The explosion of open source software (OSS) has created an abundance of options. As everyone that has used Amazon knows, abundance can sometimes be a bad thing. One key problem in the context of OSS is that of curation: it is important to select “good” OSS dependencies and avoid “bad” ones. And again, similar to Amazon, the popularity of OSS has also increased opportunities for various actors to create intentionally bad, i.e. “malicious” OSS packages in an attempt to compromise an organization. 

In this article we will look a bit deeper into what it means to tell “good” from “bad” dependencies — because it’s going to vary depending on each unique situation — and how we can go about solving this problem. Even though it looks pretty straightforward at a high level, it gets complicated if one looks at the details. 

The Curse of Abundance  

First, we should clarify that the analogy with buying products on Amazon only goes so far. Unlike Amazon products where we typically do not know how the physical product looks and feels, there is a lot of information about OSS packages, including their source code, who else is using them and so on. When dealing with an Amazon product, the best bet is to look at other customer’s reviews to try to figure out “good” from “bad” products. This “user rating” model has not taken off much in the OSS packages space, possibly because there is no single Amazon marketplace for OSS packages. The OSS work is fragmented across different ecosystems that are fairly independent in their practices, toolsets, and ways of communicating. 

Another curation model would be that of consumer reports, where a trusted third party evaluates various products and makes a recommendation. This has happened to some degree for OSS packages with Google Assured Open Source Software but still is not broad enough to provide an industry wide solution although it eventually may get there. A similar industry-wide effort is that of the OpenSSF ScoreCard. This model is similar to the “nutritional label” model used in the food industry, where a somewhat detailed list of ingredients along with relevant nutritional data (like how much of a given nutrient exists in the food) is provided so that consumers can make educated choices. The nutritional label model is even more relevant for OSS since it is an example of how regulations can enforce certain solutions. Recent software supply chain attacks have drawn a lot of regulatory scrutiny on OSS that has already produced multiple recommendations and requirements. 

Since there is no widely accepted solution, several vendors (including Endor Labs) offer their own system of evaluation of OSS packages. Unfortunately, as in the case of food, the list of ingredients can get very complicated, making it pretty hard to make decisions based on this information. In order to understand these offerings, we need to understand much more about how we evaluate OSS dependencies. 

Security and Development Definitions of “Good OSS”

The first complication is that what is “good” or “bad” depends on the eye of the beholder, and in our case, the two main groups of beholders are the security teams and the developers.
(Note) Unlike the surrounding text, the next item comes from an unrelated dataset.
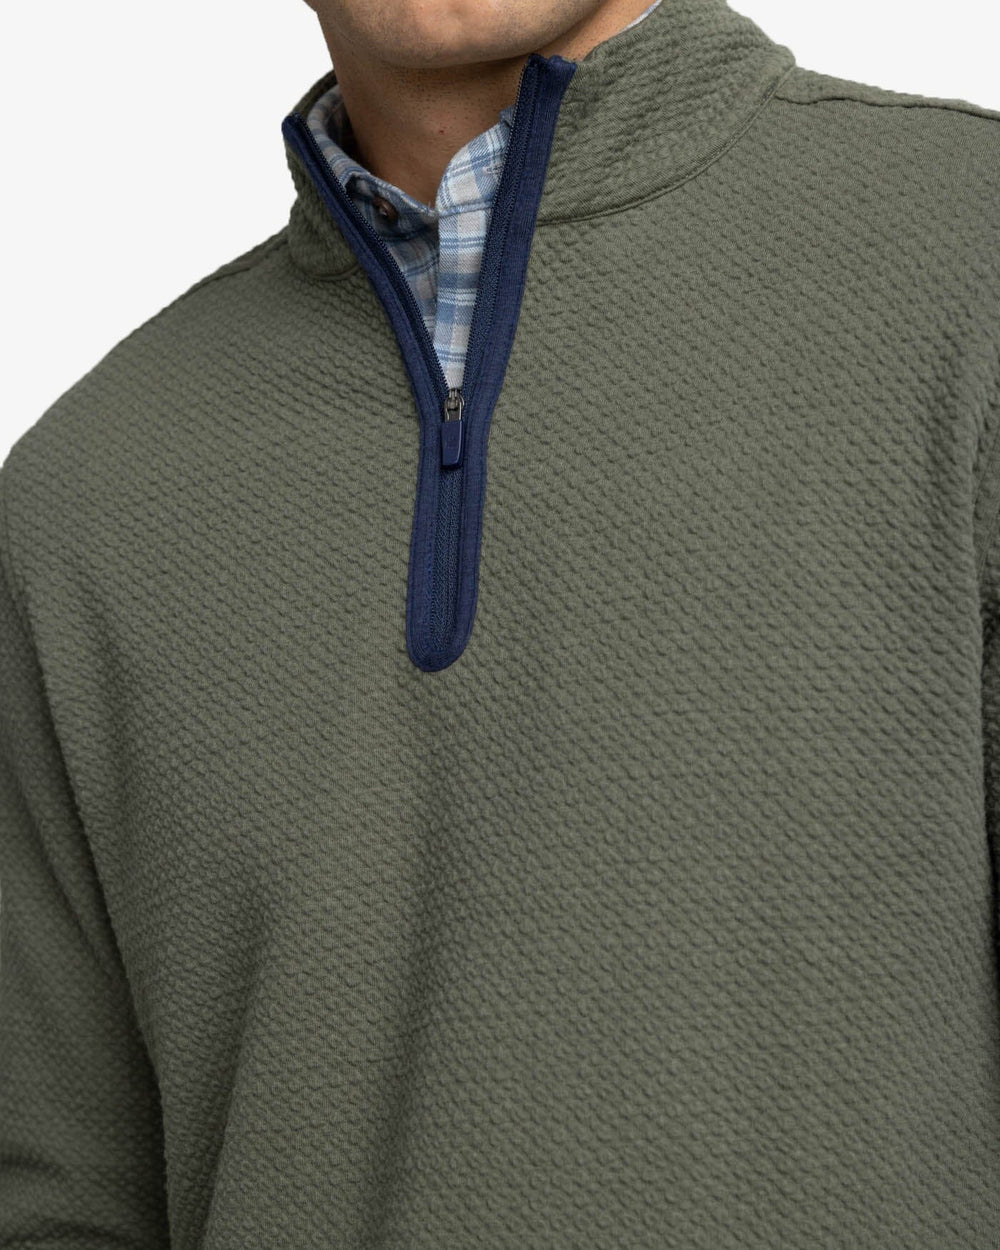 The detail view of the Southern Tide Heather Outbound Quarter Zip by Southern Tide - Heather Gulf Green

Developers are the main consumers of OSS software, but the security teams are typically tasked with handling the risk that comes through the use of OSS. Unfortunately the priorities of each group are somewhat different. 

A security team’s main focus is to reduce the risk that comes for OSS, while developers typically care about the functionality and the features of the OSS software. What developers may find is a very “good” OSS package may be pretty “bad” in terms of security team defined risk. For this article, we mostly focus on the security team perspective. 

Operational vs Security Risks

Security’s main goal is to reduce risk, so we would expect that a “good '' OSS package is one with “low” risk. Risk has been extensively studied in many contexts and has multiple definitions. When it comes to OSS, a typical approach is to separate risk into operational and security risk. We define these categories as follows:

• Operational risks can endanger software reliability or increase the efforts and investments required to develop, maintain, or operate a software solution.
• Security risks can result in the compromise of system or data confidentiality, integrity, or availability.

An example of operational risk around an OSS package is when a package is not maintained. When choosing an unmaintained package, we accept the risk of not being able to get support from the community for fixing certain future issues. As you can expect, there is no single definition of operational risk; multiple types of issues can be considered operational risk, from packages with inappropriate licenses to protestware. 

Typically security risk means that an OSS package has a known vulnerability; using this package exposes us to the risk of someone using the vulnerability to attack the organization. Again, lots of other issues can be considered parts of security risk; from bad security practices when developing the code (e.g. lack of signed commits) to using other, high security risk dependencies. 

To learn about the top risks, check out OWASP Top 10 Risks for Open Source Software.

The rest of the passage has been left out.